This phase begins when one year has elapsed without isolation of wild poliovirus anywhere in the world. During this phase nations:

During this phase, nations:

1. Notify biomedical laboratories that poliovirus transmission has been interrupted.
2. Contact laboratories on the National Inventory and instruct them to elect one or more of the following three options:
   • Render materials non-infectious for poliovirus or destroy them under appropriate conditions.
   • Transfer wild poliovirus infectious and potential infectious materials to laboratories capable of meeting the required biosafety standards.
   • Implement biosafety requirements appropriate for the laboratory activities being performed (BSL-2/polio or BSL-3/polio).
3. Document completion of all containment requirements for global certification.

The goal of this phase is to reduce the risk of wild poliovirus transmission from stored virus stocks and clinical materials at a time when universal immunization continues and wild polioviruses no longer circulate anywhere in the world.

1. Notifying laboratories when poliovirus transmission has stopped

WHO will notify all nations that wild poliovirus transmission has stopped when one year has passed with no evidence of wild poliovirus circulation anywhere in the world (Year 1). Nations will inform agencies/institutions and laboratories on the National Inventory that global certification biosafety requirements are to be implemented no later than one year from the date of the announcement (Year 2). During the third year nations will submit documentation to the Global Certification Commission that effective containment is in place (Year 3).

2. Implementing biosafety options

An underlying principle of poliovirus laboratory containment is that most laboratories do not have a need for long-term retention of wild poliovirus infectious and potential infectious materials. Destruction of such materials is strongly encouraged. Laboratories should critically evaluate the considerable personal and institutional responsibilities inherent in retaining a virus that is no longer being transmitted in nature.

Laboratories that do not implement the required containment conditions must render all wild poliovirus materials non-infectious, destroy by autoclaving or incineration (Annex 2), or transfer them to a laboratory that meets the appropriate containment level.

By definition, no clinical materials collected during the global certification phase are infectious for wild poliovirus, unless the virus re-emerges or VDPV is is detected. The threat of laboratory infection comes principally from stored materials collected before wild poliovirus transmission stopped. A small number of laboratories are expected to retain wild poliovirus materials for research purposes. Of particular importance is research relevant to defining the final strategy for stopping polio immunization.

Other research laboratories in larger institutions are anticipated to retain collections of potential wild poliovirus infectious materials valuable for studying other diseases. Laboratories retaining such materials should do an internal risk assessment (Annex 1) and implement biosafety measures appropriate for the laboratory activities being performed (Box 6). For containment purposes, samples are considered polio-free immediately after the date of the last documented case for a given country. Experience has shown that widespread transmission ceases well before the last case is identified. The likelihood of collecting a virus positive specimen at random after that date is remote.

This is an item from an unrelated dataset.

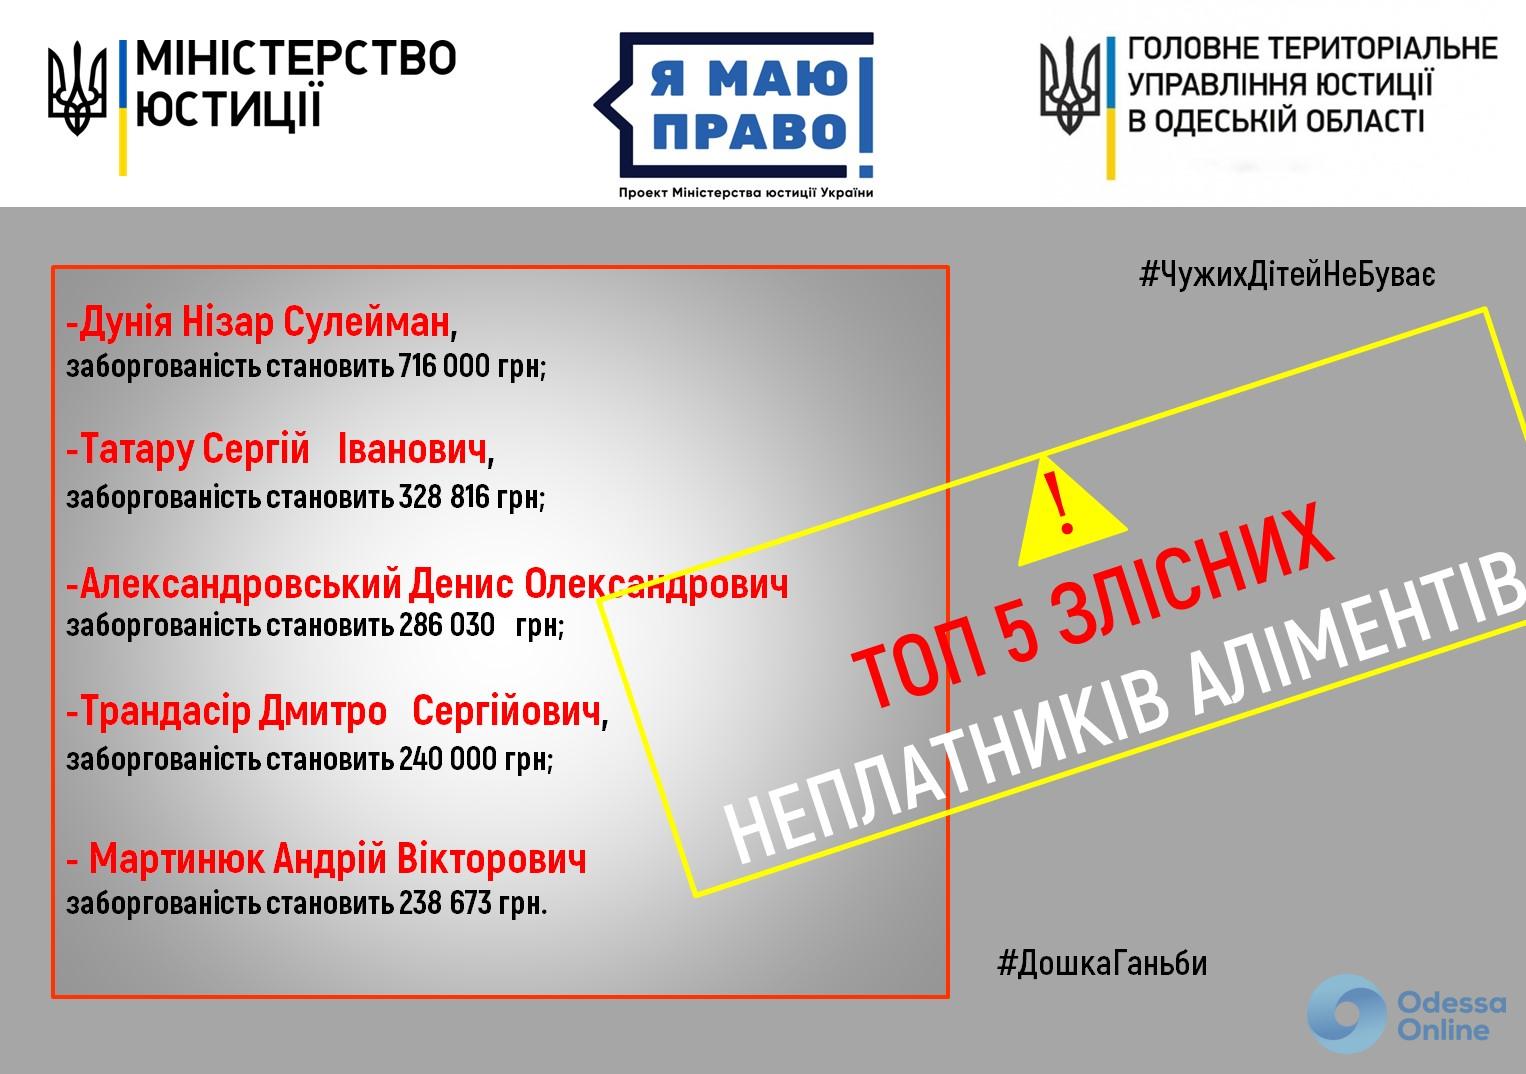 Одесское управление юстиции опубликовало топ-5 должников по алиментам

All wild poliovirus infectious materials (Box 2) must be handled under BSL-3/polio conditions. All activities with potential wild poliovirus infectious materials (Box 3) that involve inoculating poliovirus permissive cells or animals, that is, any biologic system in which polioviruses replicate, must also be performed under BSL-3/polio conditions.

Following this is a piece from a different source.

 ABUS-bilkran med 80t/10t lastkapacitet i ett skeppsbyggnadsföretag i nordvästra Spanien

All other activities involving potential wild poliovirus infectious materials may be handled safely within a certified class II biological safety cabinet inside a BSL-2/polio laboratory (Box 5). Potential wild poliovirus infectious materials may be centrifuged in the open laboratory if sealed heads or centrifuge safety cups are used and these are only opened within a biological safety cabinet.

Implementing Biosafety Level 3/Polio: BSL-3 (the high containment laboratory) includes all BSL-2 requirements with additional emphasis on protecting personnel in adjacent areas, the community, and the environment. Specific requirements are defined for personal protective clothing, laboratory design, use of laboratory equipment, and medical surveillance of laboratory staff. The laboratory should be separated from high traffic areas of the building with access restricted to authorized personnel. Biosafety provisions must be made for air, water, and materials entering and leaving the laboratory, as described in the 2002 WHO Laboratory Biosafety Manual (3rd edition).³⁰ The BSL-3/polio laboratory (Box 7) incorporates all BSL-3 practices, but specifies additional requirements for storage and transfer of wild poliovirus infectious materials (Box 8).

Implementing storage requirements: Poliovirus infectious materials stored under secure conditions pose no inherent risk of transmission. The risk emerges when these materials are removed from storage. Infectious materials are kept in locked freezers within the BSL-3/polio facility with restricted access. Potential wild poliovirus infectious materials are clearly marked as such, stored in locked freezers with restricted access, inventoried and documented. Ideally these freezers are located within laboratories having a BSL-2/polio facility.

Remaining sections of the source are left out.